Sequential elastic recovery stress edge-smoothed finite element method for lower-bound limit determination of structures

The paper proposes an efficient sequential edge-smoothed finite element (ES-FE) analysis method enhanced with the smoothed recovery stress field to determine the collapse load limit of inelastic structures. The approach applies a modified concept of elastic compensation algorithm developed within the computationally advantageous ES-FE modelling framework and recovery stress field enhancement. It solely performs a series of standard elastic analyses to successively converge the limit load of structures at plastic collapse. Each analysis systematically adjusts the values of elastic moduli associated with some critical elements as determined by the intensity of stress resultants and hence considers inelastic stress distributions. The computing efforts are as modest as would be required to furnish standard linear elastic analysis procedures. What is important is that the proposed modulus smoothing technique enables the fast assembly of modified stiffness formulations, and the recovery stress field ensures the smoothed C-0-continuous admissible stress conditions enhancing the satisfaction of yield conformity over an entire element.
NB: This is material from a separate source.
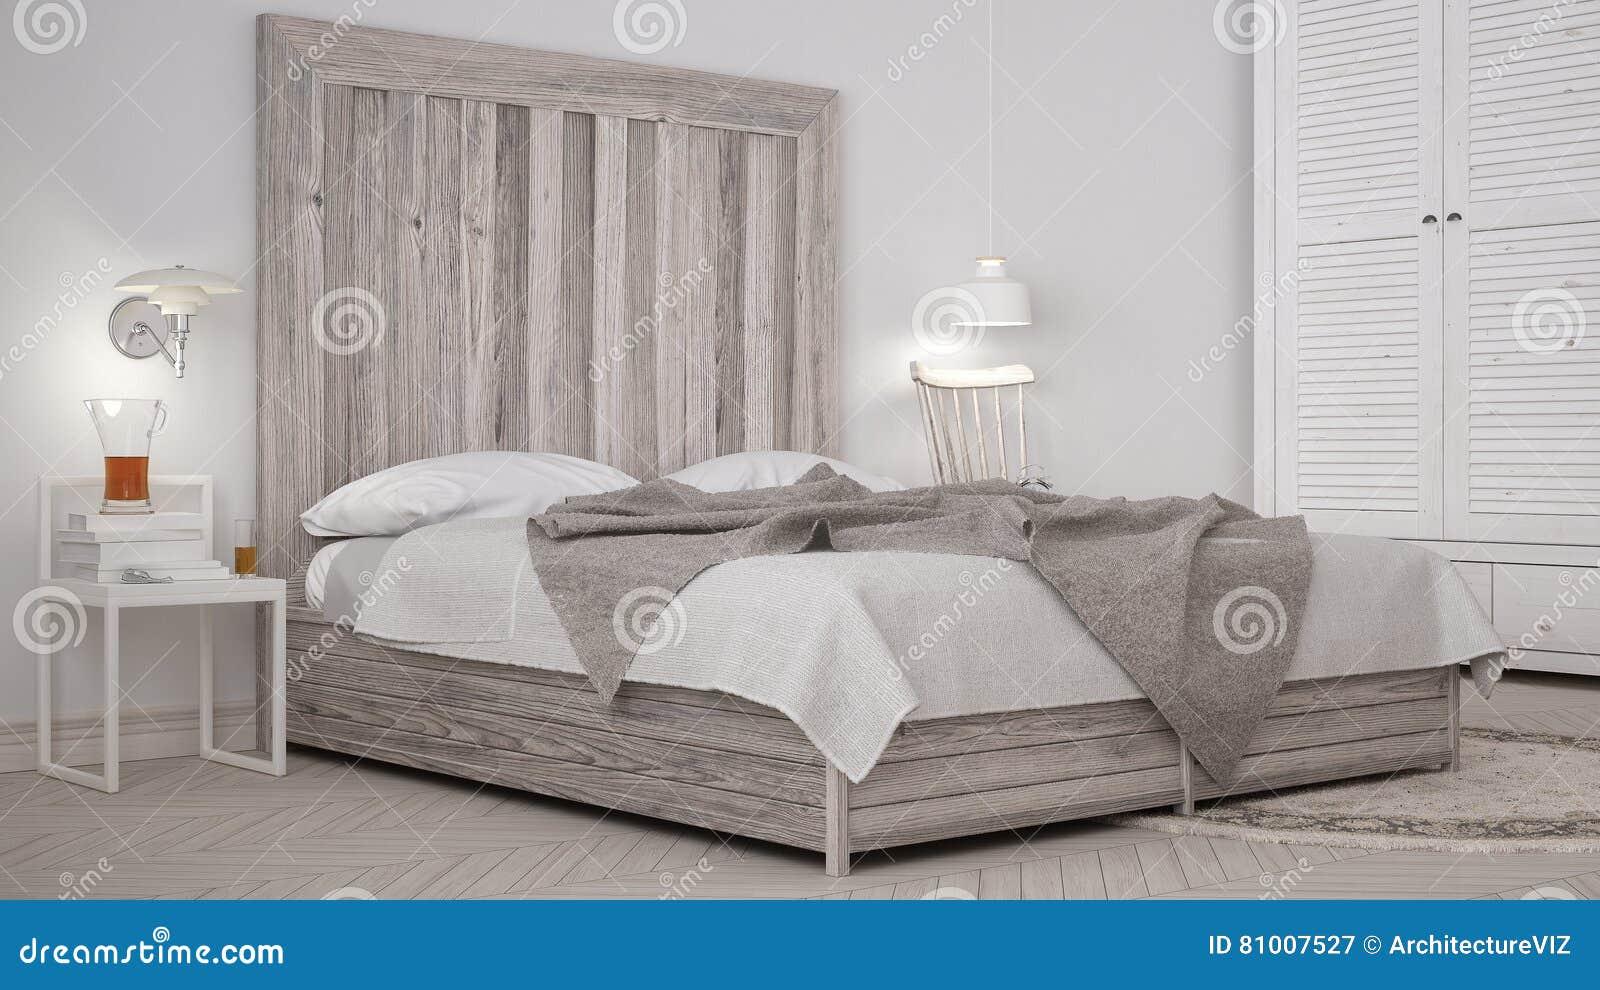 Dormitorio de DIY, cama con el cabecero de madera, eco blanco escandinavo c

Various successfully solved numerical examples highlight the accuracy and efficiency of the analysis framework in overcoming the numerical challenges associated with stress singularity and volumetric locking phenomena under incompressibility conditions. They also address the determination of a lower-bound limit for sufficiently fine ES-FE models.

Automated summary

The paper introduces an efficient method for determining the collapse load limit of inelastic structures by utilizing the smoothed recovery stress field. The approach combines the concept of elastic compensation algorithm within the ES-FE framework and recovery stress field enhancement to systematically adjust elastic moduli for critical elements. Various numerical examples demonstrate the accuracy and efficiency of the analysis framework in overcoming numerical challenges associated with stress singularity and volumetric locking phenomena.